According to data at the end of 2018, there are 23 subject review groups:

- Marxist - Leninist Society
- Party History and Party Building
- philosophy
- Theoretical Economics
- Applied Economics
- Management
- statistics
- Political Science
- sociology
- Demography
- Law
- International Studies
- Chinese History
- World History
- archeology
- Ethnic Studies
- Religious Studies
- Chinese literature
- Foreign Literature
- linguistics
- Journalism and Communication
- Library, Information and Documentation
- Sports Science

The responsibilities of the subject review group are:

1. Conduct regular surveys on the development of philosophy and social sciences disciplines, and make recommendations for the formulation of national philosophy and social sciences research plans and the selection of topics for national social science fund projects;
2. Review applications for National Social Science Fund projects and make funding recommendations for National Social Science Fund projects;
3. Assist the National Office of Philosophy and Social Sciences in supervising and inspecting the implementation of National Social Science Fund projects, and provide evaluation opinions and improvement suggestions;
4. To appraise, review and evaluate the research results of important projects of the National Social Science Fund;
5. Recommend outstanding research achievements and outstanding talents in philosophy and social sciences.
6. Complete other tasks assigned by the National Philosophy and Social Sciences Leading Group.

==== Separate disciplines ====
Education, art, and military science are listed separately in the National Social Science Fund. The planning, application, review, management, appraisal and completion of the three disciplines are handled by the National Education Science Planning Leading Group Office (located in the Chinese Academy of Educational Sciences of the Ministry of Education), the National Art Science Planning Leading Group Office (located in the Science and Technology Education Department of the Ministry of Culture and Tourism), and the PLA Philosophy and Social Science Planning Office (located in the Academy of Military Sciences of the Chinese People's Liberation Army ). Funding for the three disciplines of education, art, and military science is allocated separately by the National Social Science Fund. Relevant management measures are formulated separately by the three disciplines.

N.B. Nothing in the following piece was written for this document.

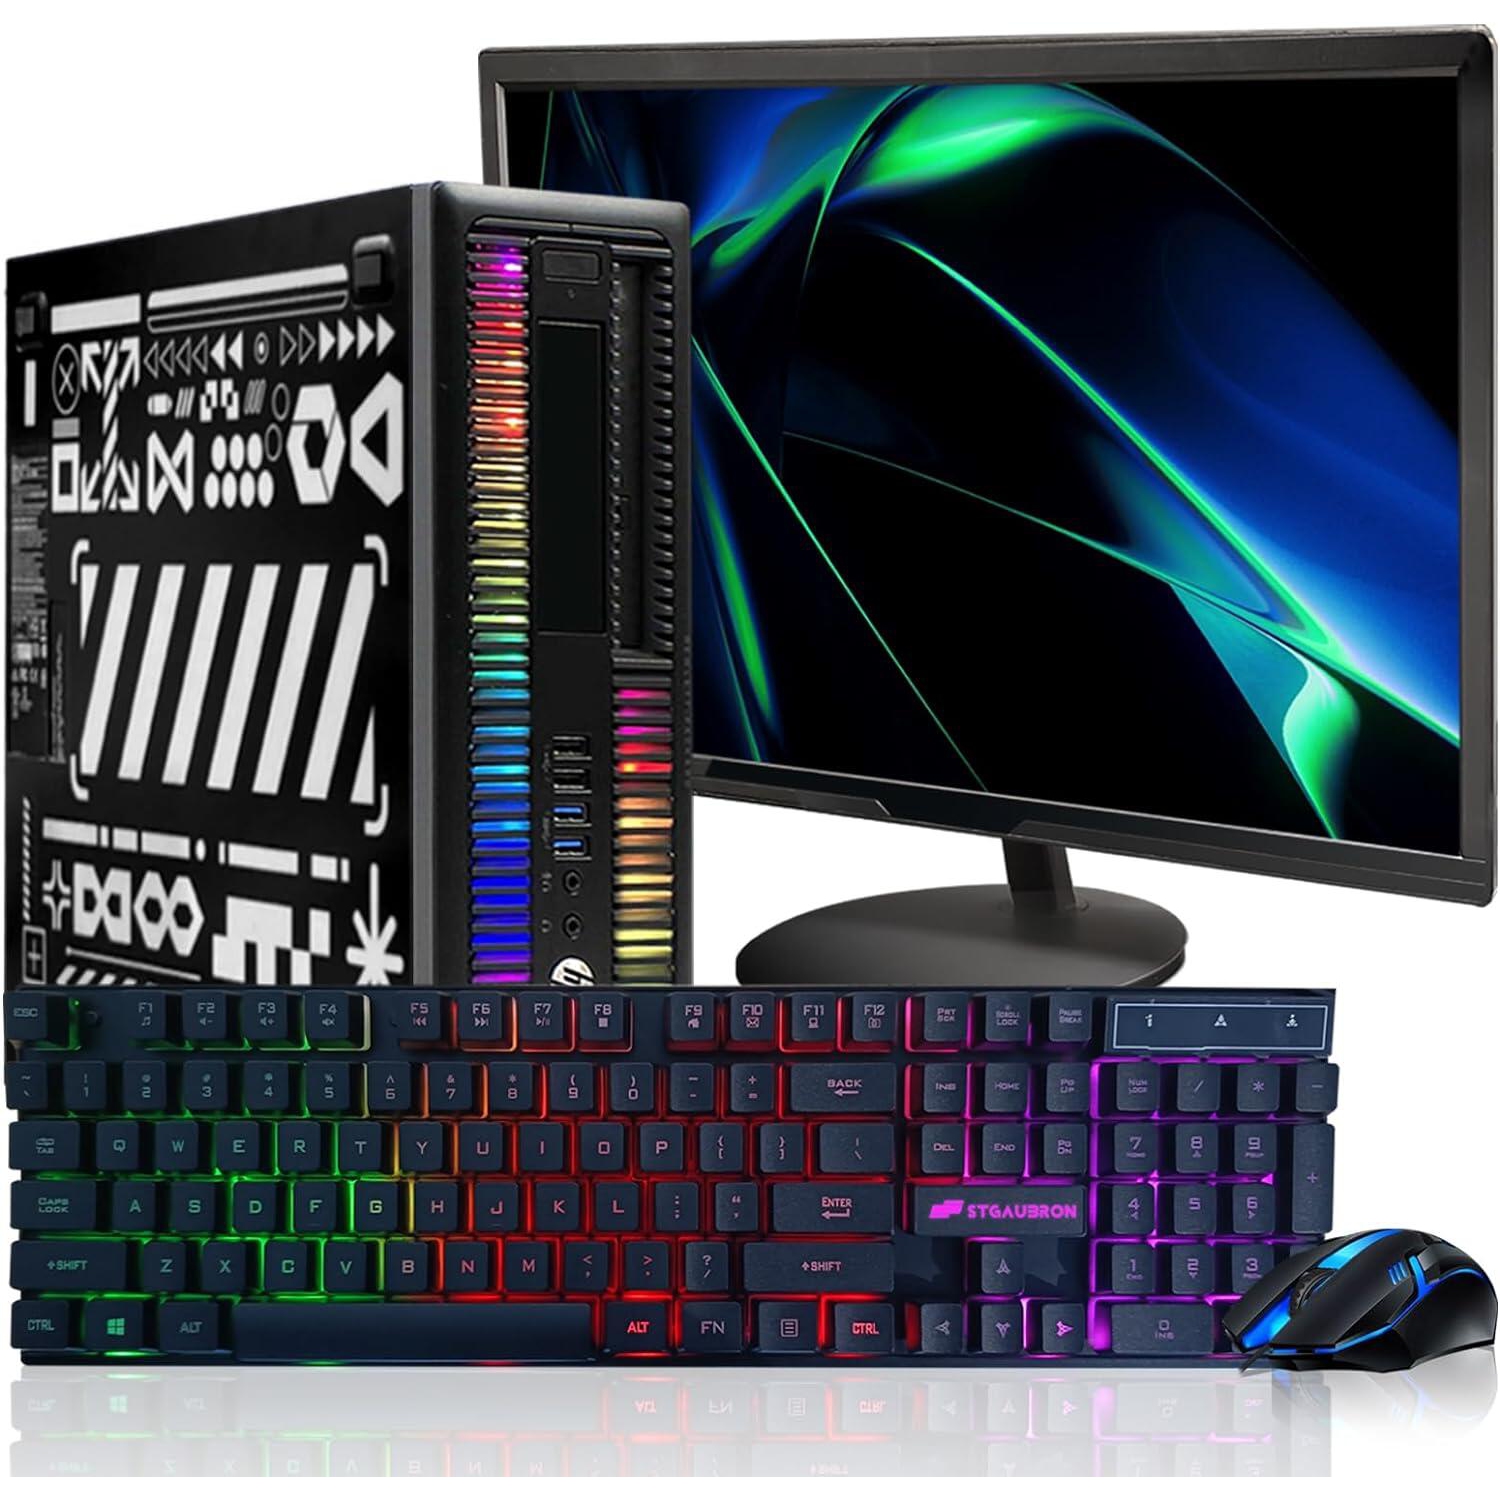 HP RGB Gaming Desktop Computer, Intel Core I7 3.4G up to 3.9GHz, GeForce GT 1030 2G, 16GB, 512G SSD, New 24" FHD LED, RGB KB&MS, 600M WiFi & BT 5.0, W10P64 -Refurbished Excellent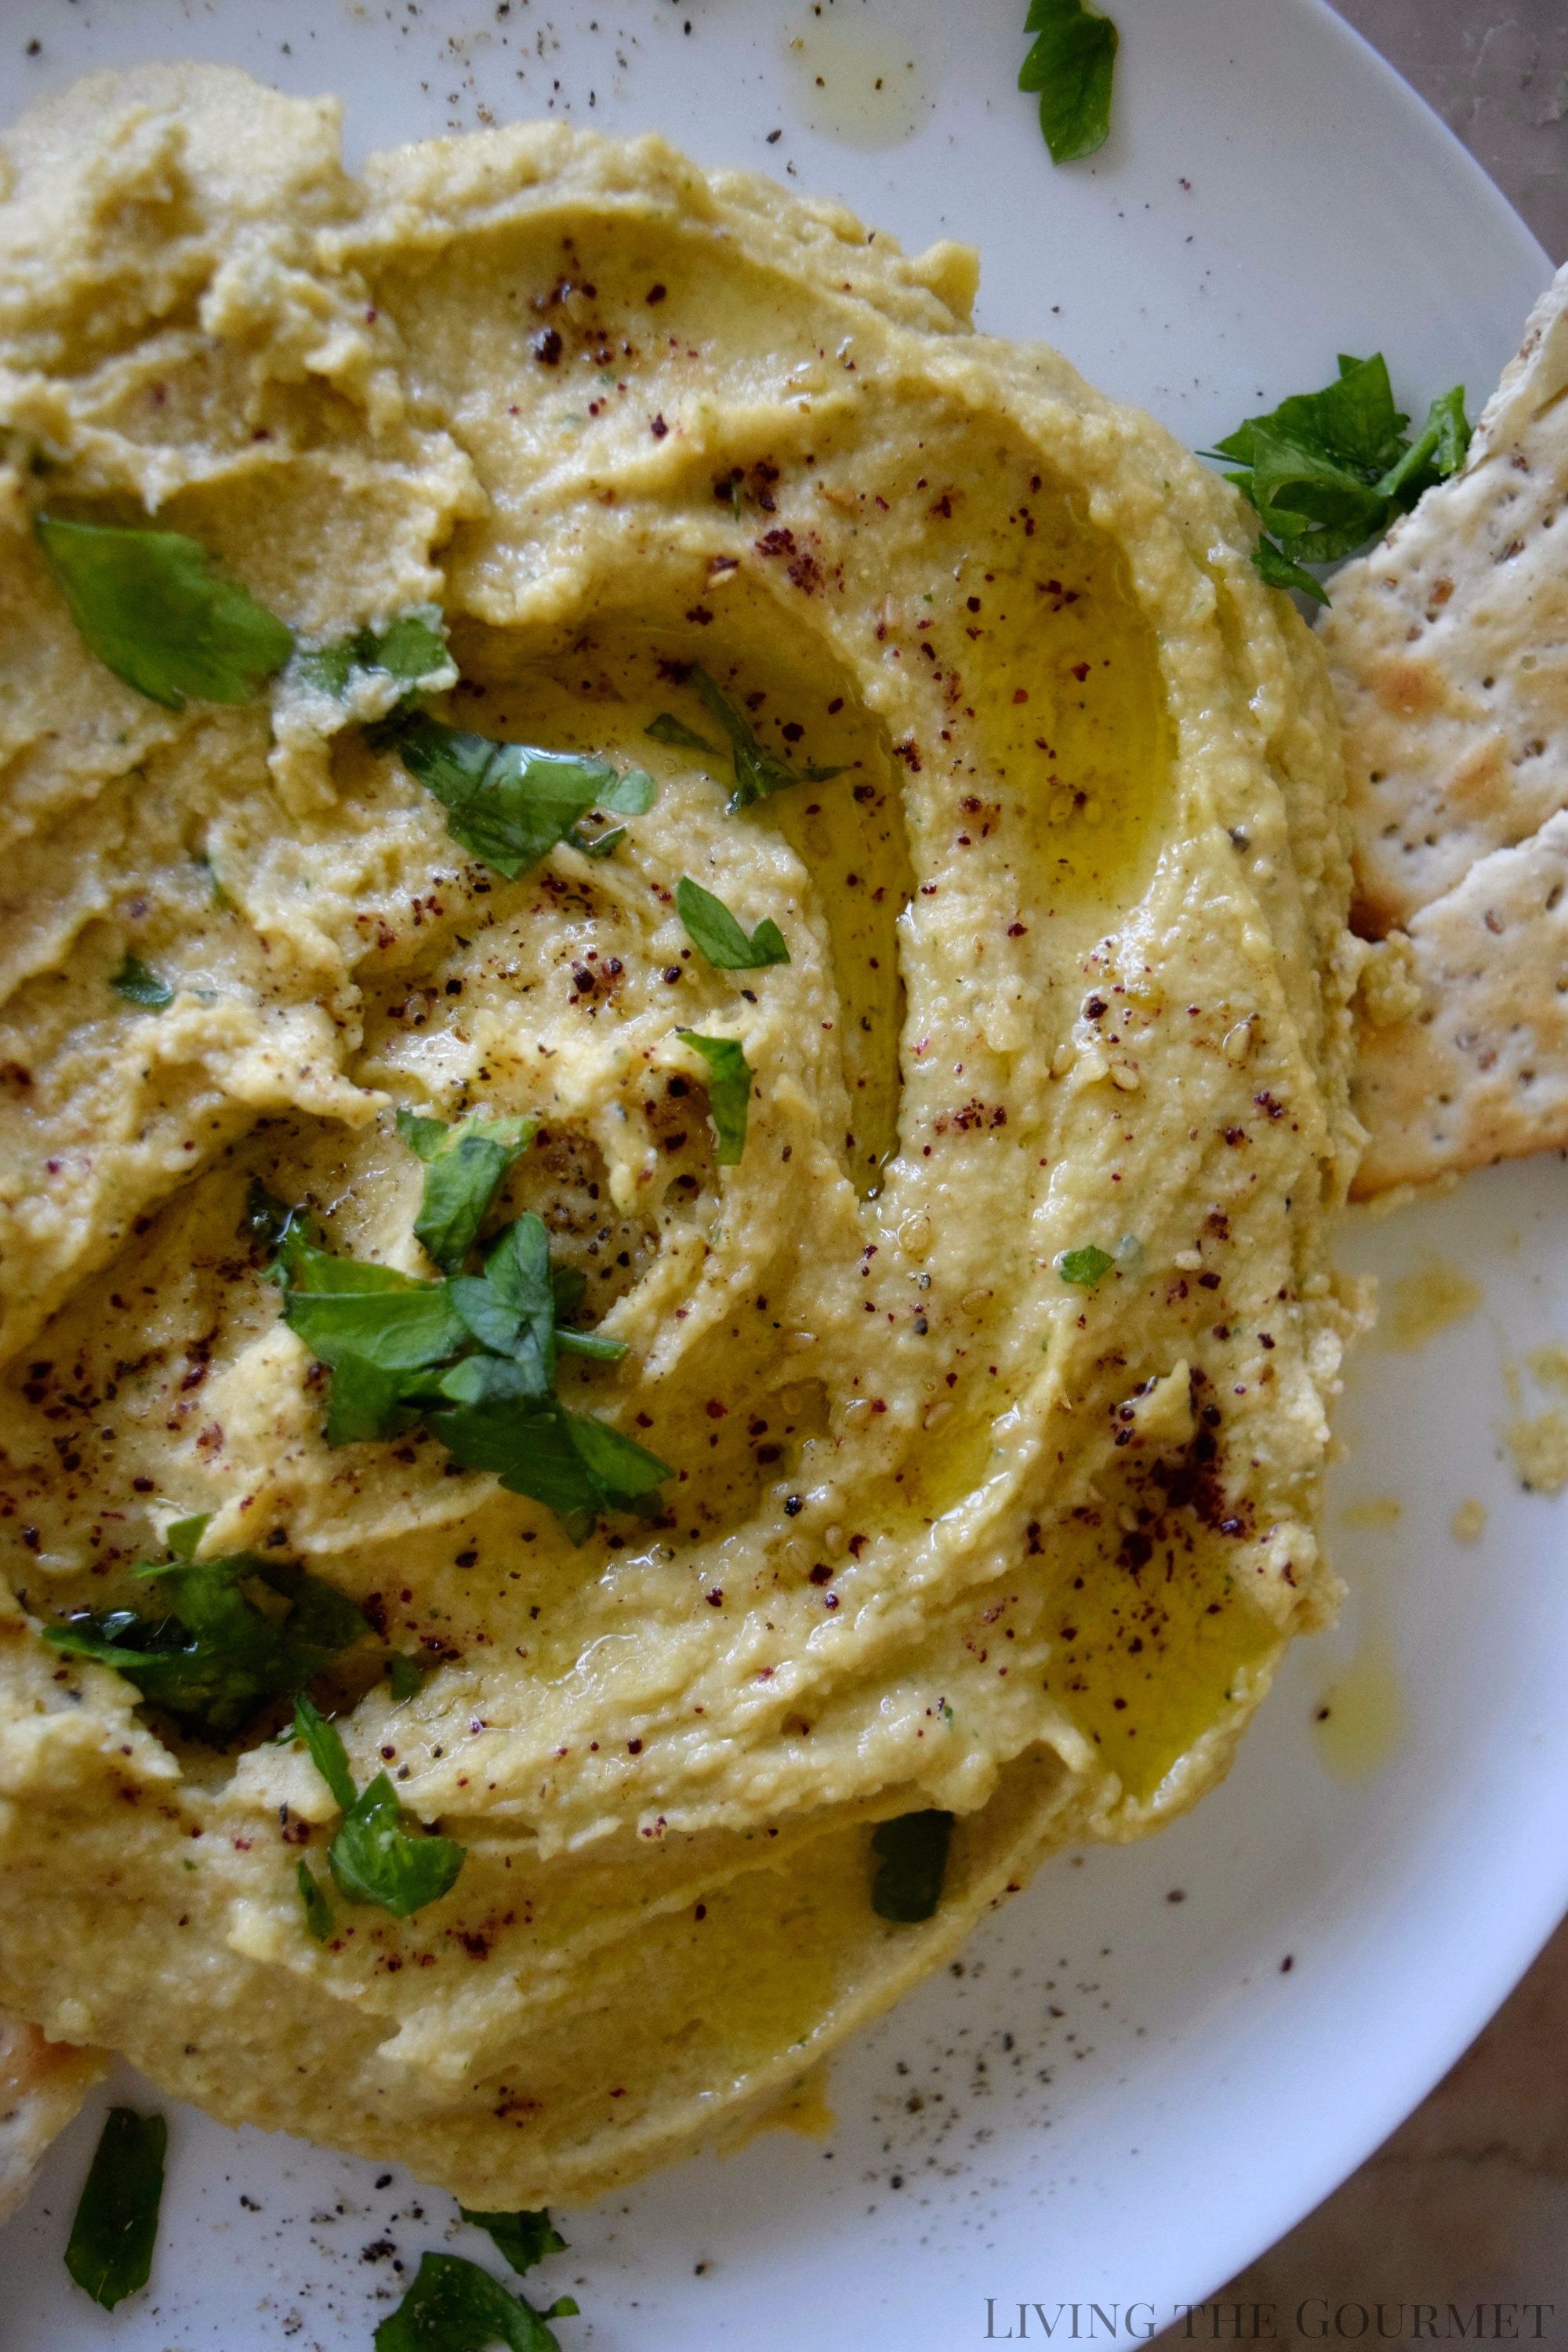 Living the Gourmet: Hummus is one of the healthiest and easiest recipes ...

=== Entrusted management agency ===
The National Office for Philosophy and Social Sciences has entrusted the Philosophy and Social Sciences Planning Offices of provinces, autonomous regions, municipalities directly under the Central Government and the Xinjiang Production and Construction Corps (all located in the Propaganda Departments of the Party Committees at the same level) and the Philosophy and Social Sciences Planning Office of the PLA, as well as the Research Department of the Central Party School, the Research Bureau of the Chinese Academy of Social Sciences, and the Social Science Department of the Ministry of Education to assist in the application and management of national social science fund projects in their respective regions and systems. Its main responsibilities are:

1. Organize philosophy and social science researchers in the region and system to apply for national social science fund projects;
2. Review the authenticity and validity of materials submitted by applicants or project leaders in this region and system;
3. Supervise the implementation of guarantee conditions for the implementation of National Social Science Fund projects;
4. Cooperate with the National Social Science Work Office to supervise and inspect the implementation of National Social Science Fund projects and the use of funding, and appraise, review and promote the research results of National Social Science Fund projects.

The National Social Science Work Office provides guidance and supervision for the relevant work of each entrusted management agency.